• [Records for this task]
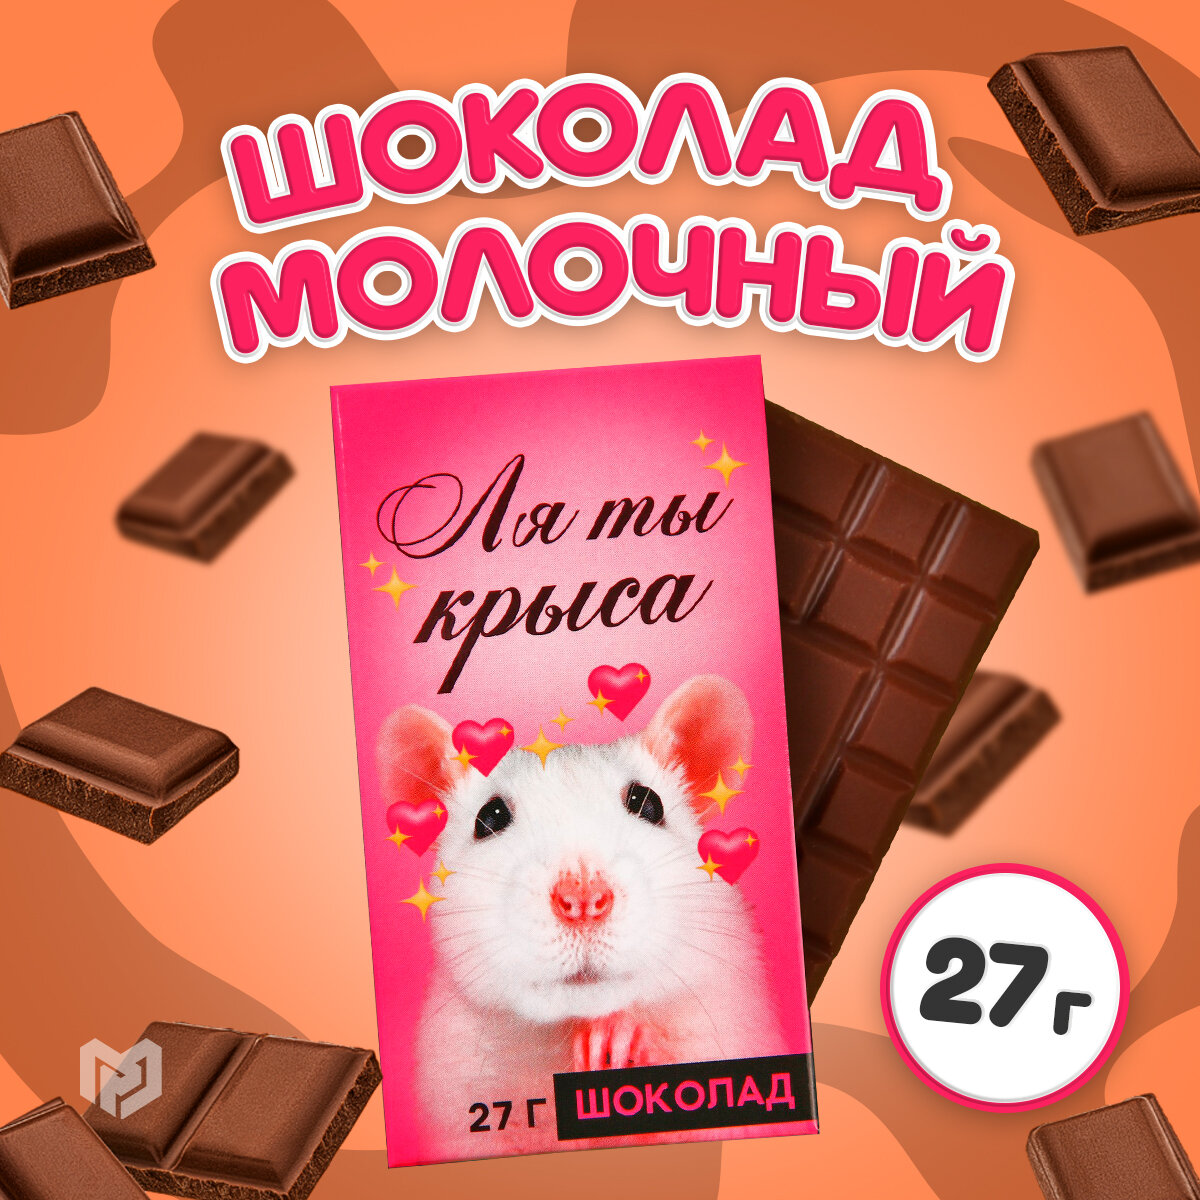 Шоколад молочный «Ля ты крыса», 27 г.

...

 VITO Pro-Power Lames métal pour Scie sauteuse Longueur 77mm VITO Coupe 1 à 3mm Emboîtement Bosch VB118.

...

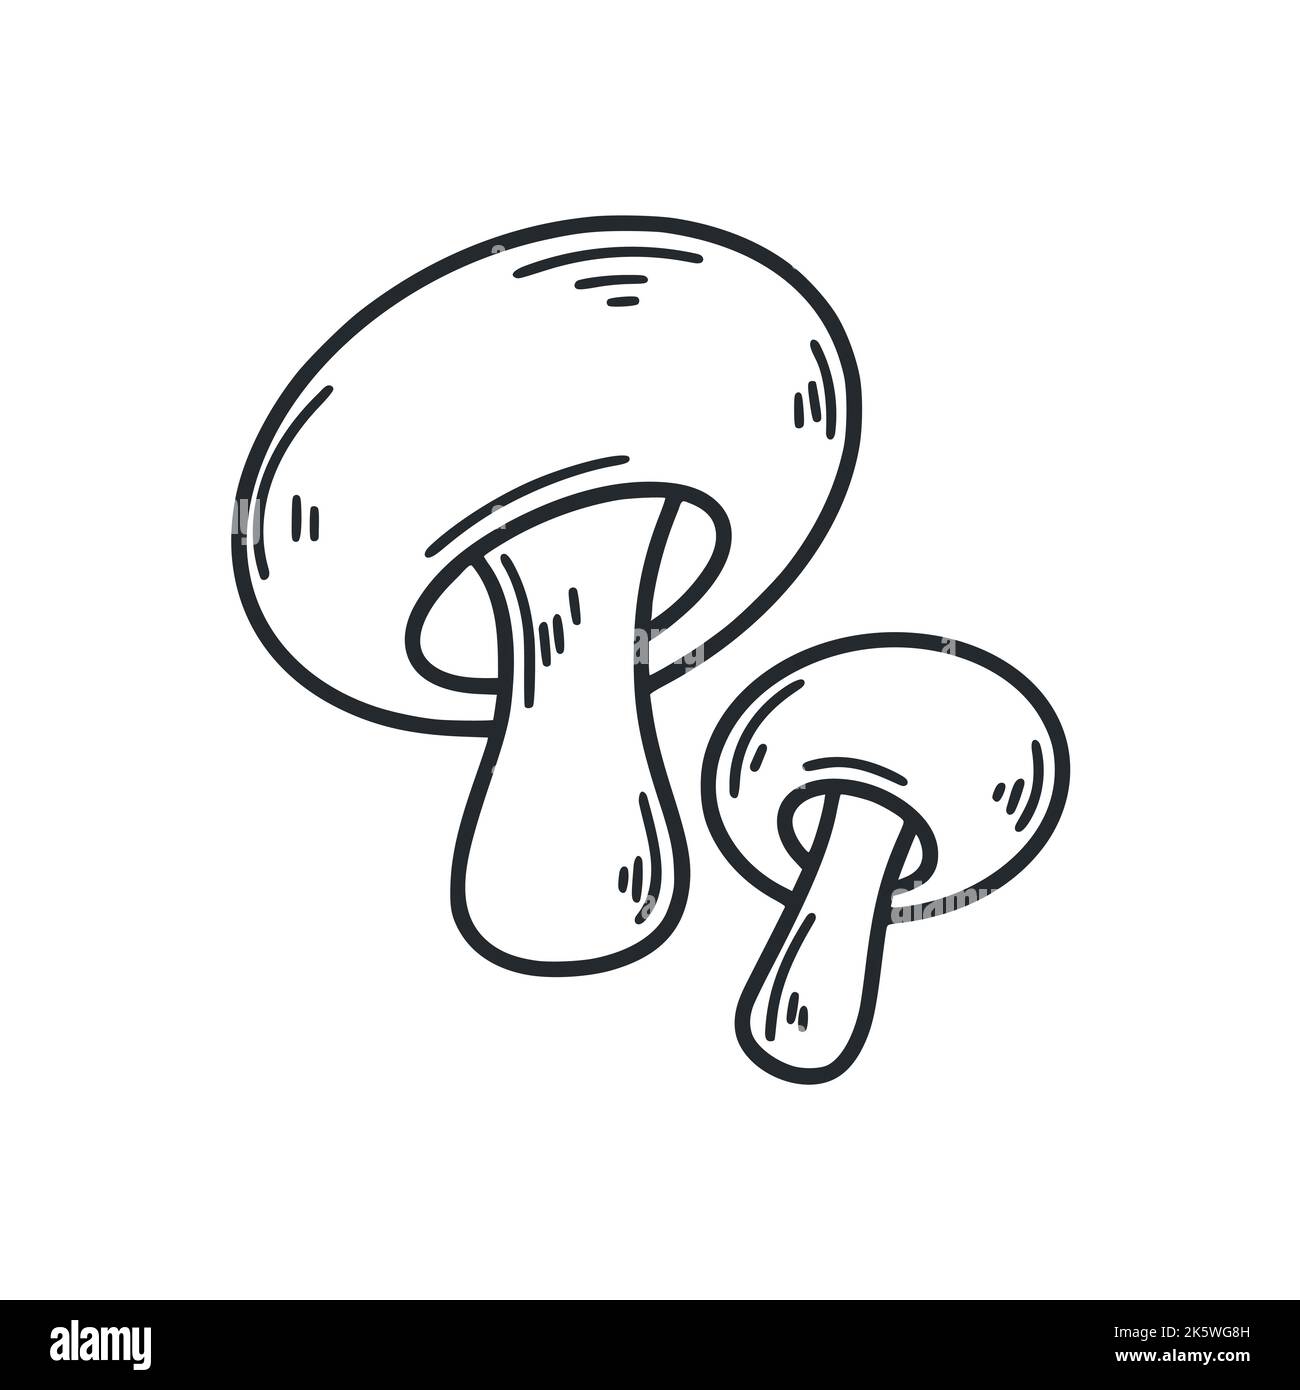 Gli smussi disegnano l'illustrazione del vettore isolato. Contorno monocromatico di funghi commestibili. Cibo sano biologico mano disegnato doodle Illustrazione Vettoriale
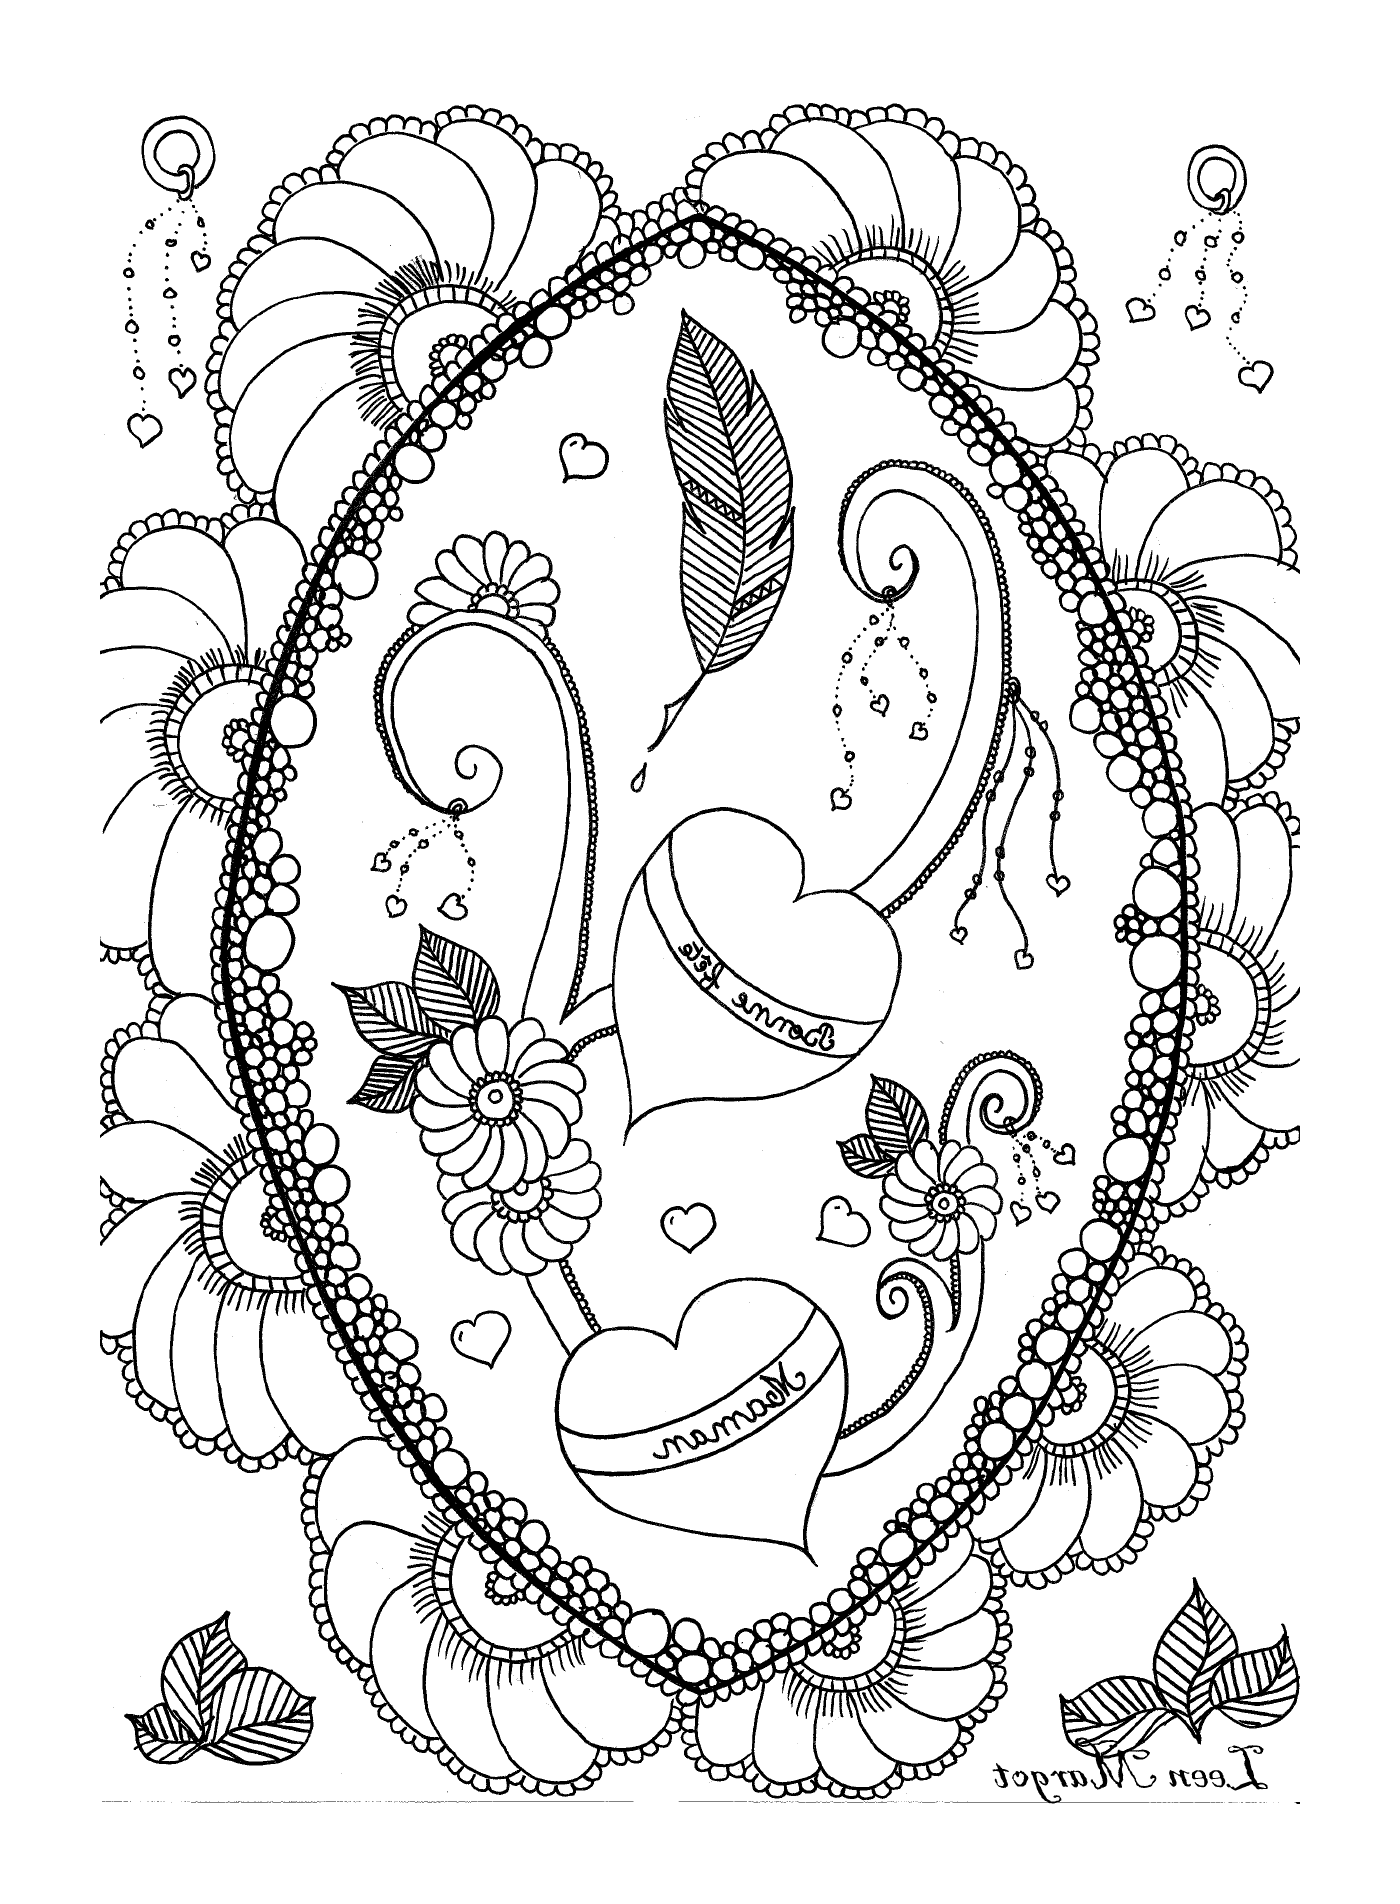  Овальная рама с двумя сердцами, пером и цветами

• [Assignment] Nothing but the lines from the one with "Gli smussi disegnano" to the one with "Овальная рама с" above, both included, should be transcribed, exactly and without pictures.

• [Exercise output]
 Gli smussi disegnano l'illustrazione del vettore isolato. Contorno monocromatico di funghi commestibili. Cibo sano biologico mano disegnato doodle Illustrazione Vettoriale
  Овальная рама с двумя сердцами, пером и цветами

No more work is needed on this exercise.